Usually my designs are evolutions from past work. No Eurekas! just hard slogging work. I make something like it or love it, look at it, start to examine it, think about it, and have a better idea of how to do it next time. This drives Dave-the-husband crazy. Why must I keep messing with great designs?  Why do I move on to my next NEW IDEA, when I have so many old great ideas I can still make? I  dunno. I think that's what it means to be an artist. We are always looking ahead to see what's there, how we can do it better, how it can change, evolve, morph into something else.

So when I go back to work, and I do find its work; divine inspiration is a rare event, no matter how good I am, or how many different places I stand in my studio waiting for it to happen.

cmf-head-avatarCarla





Man Jewelry.....

What do guys like, want, wish for in jewelry?

I currently have a friend, P, who is bugging me for Man Jewelry. I'd love to accommodate him and the other men who have stared wistfully in my case and asked...."Do you have anything for men?" No.....I don't, but I should.

What is it guys want in jewelry? Cuff links, quirky lapel pins, bracelets, pendents, single earrings, manly rings?

P is now pondering this question. He hasn't answered me yet. But for all the other men who feel left out of the jewelry game, the question is now yours too. What would you like to see me make for men? Write me, let me know. The first Manly piece I make will be named for the Man who gives me the best answer.

Carla cmf-head-avatar

Just because you can, doesn’t mean you should.
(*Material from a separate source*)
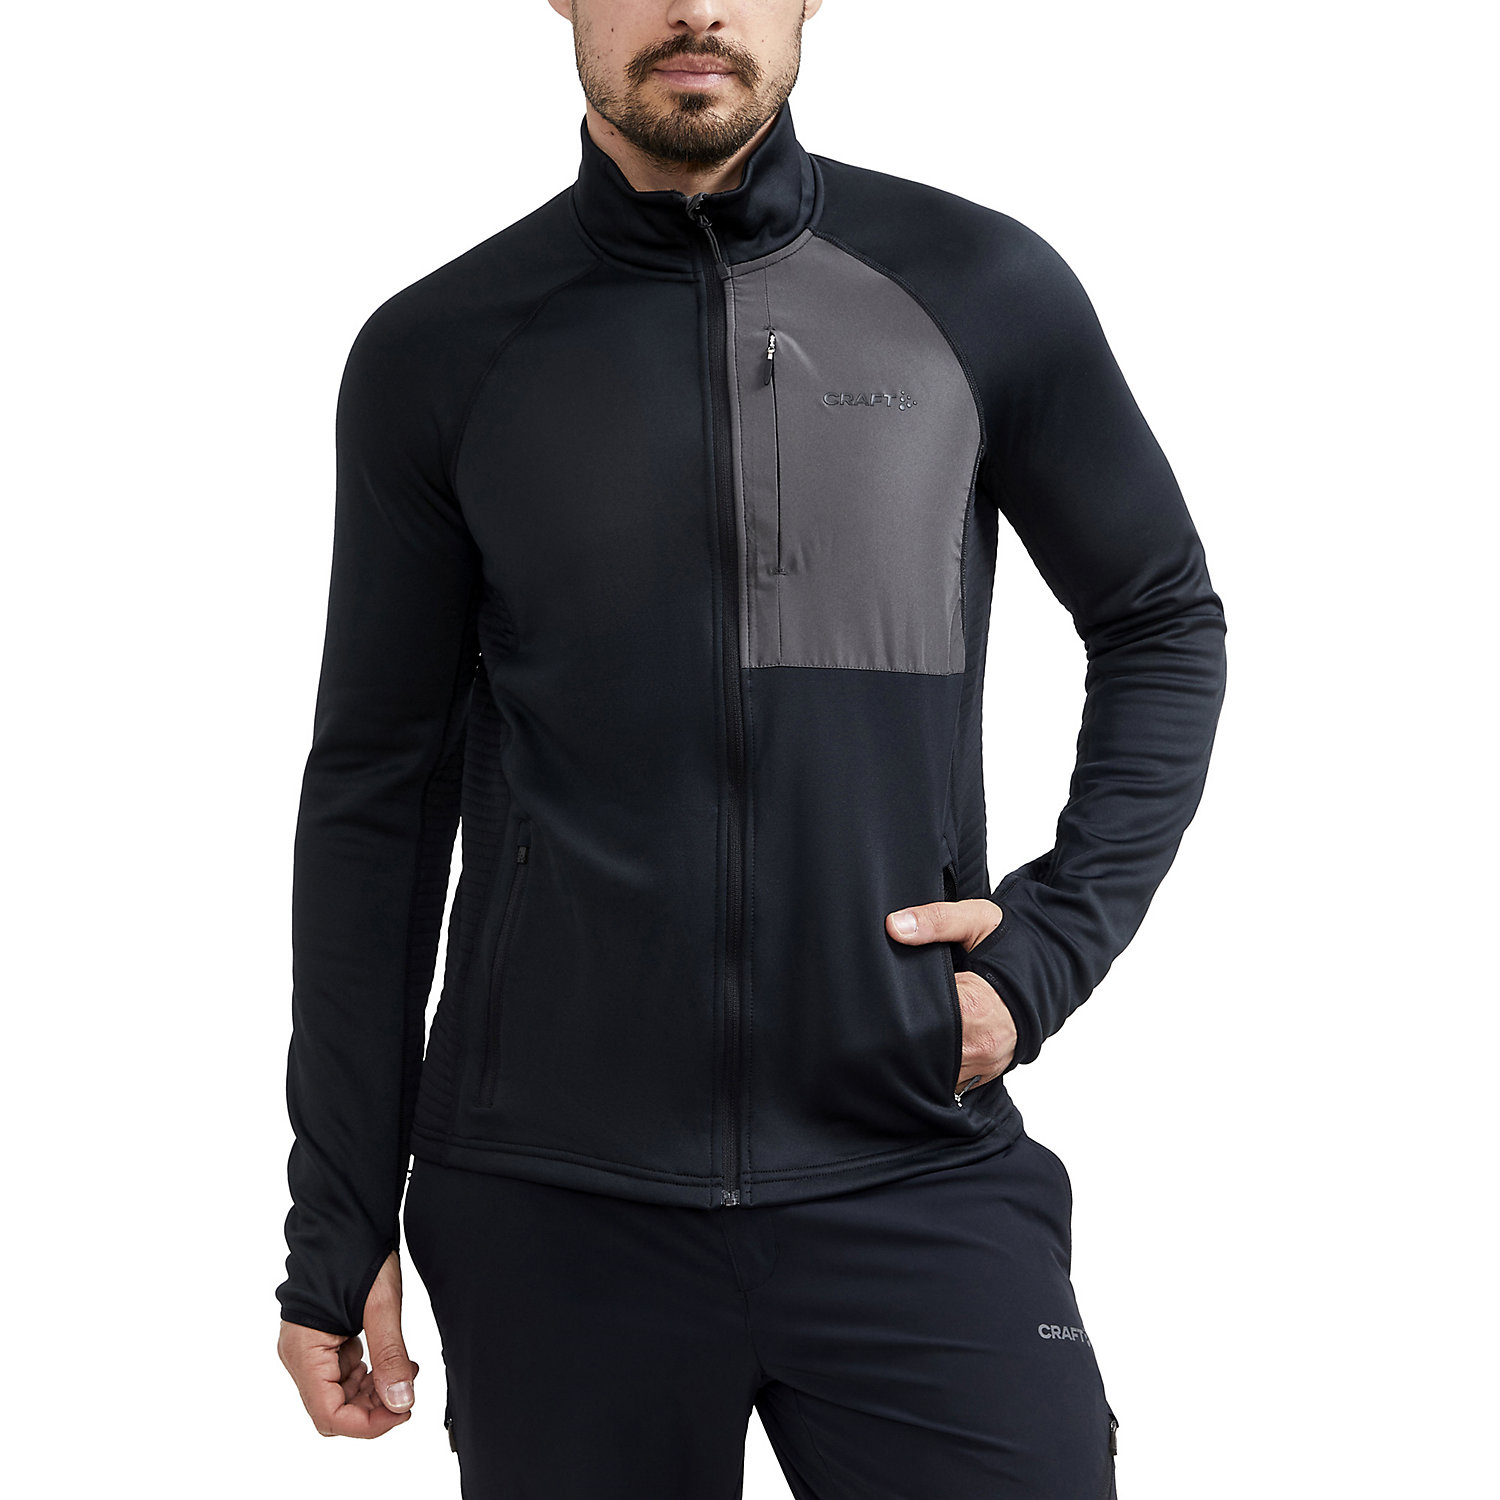 Craft Sportswear Mens Adv Tech Fleece Thermal Midlayer Jacket

There are many kinds of artists. Some feel once one is an artist in any media, one can take on any other media….be it photography, graphic design, or web design. I have found that being creative in one area does not necessarily translate to another.

My jewelry photog, Gary and I, struggled yesterday to get a shot of a pair of earrings just right. Actually I struggled. He had done his job, mine was to "style" the earrings into a pleasing arrangement. He took the photos, we evaluated each shot on his monitor and I continued to tweak, as he adjusted the lights.

I am often asked if I take my own photos. I always snort "No" But why not? My father was a photographer, I learned at his knee. I have a friend who is a professional commercial photographer who willingly shares his tricks. I’ve seen Gary shoot my work many times.  I can certainly get a camera that has the capacity to take the images. But as I "styled" my jewelry and Gary rearranged his lights, I knew without a doubt that I shouldn’t be photographing my work. It's not within my creative suite. Its not within my studio set up, I don’t have the years of working in the field.

Consider when Michael Jordan left basketball to play baseball he had a short and unstellar career. Joaquin Phoenix is a great actor, but it remains to be seen if he can be a great singer. We’ve all designed or seen designed the MSWord business cards and/or brochures, that could be titled "Fun with Fonts". I’ve certainly designed my share of bad over-done graphics. But I learned my lessons the hard way & I don’t do graphics nor am I designing my website.

I recently, had the opportunity to observe a jurying for an art show. There are some wonderful artists out there, its damn exciting to see their work. But not all artists are photographers. And as the jury commented several times, "What were they thinking?" What indeed. They didn’t further their own carefully crafted work, with their poor photography.

As my photog sez, it’s not what camera you use...that’s just the recording device. In photography it’s about the lighting. And I am convinced, that is a skill that must be developed over years. As a jeweler I can tell you its not the metal and the bling, its how its put together. The fact that I am a creative person doesn't mean I should take on ALL creative projects that come my way.

I am best at being a jeweler. I’m at home there. I am a poor photographer, a font frolicking graphic designer, and a clueless web geek.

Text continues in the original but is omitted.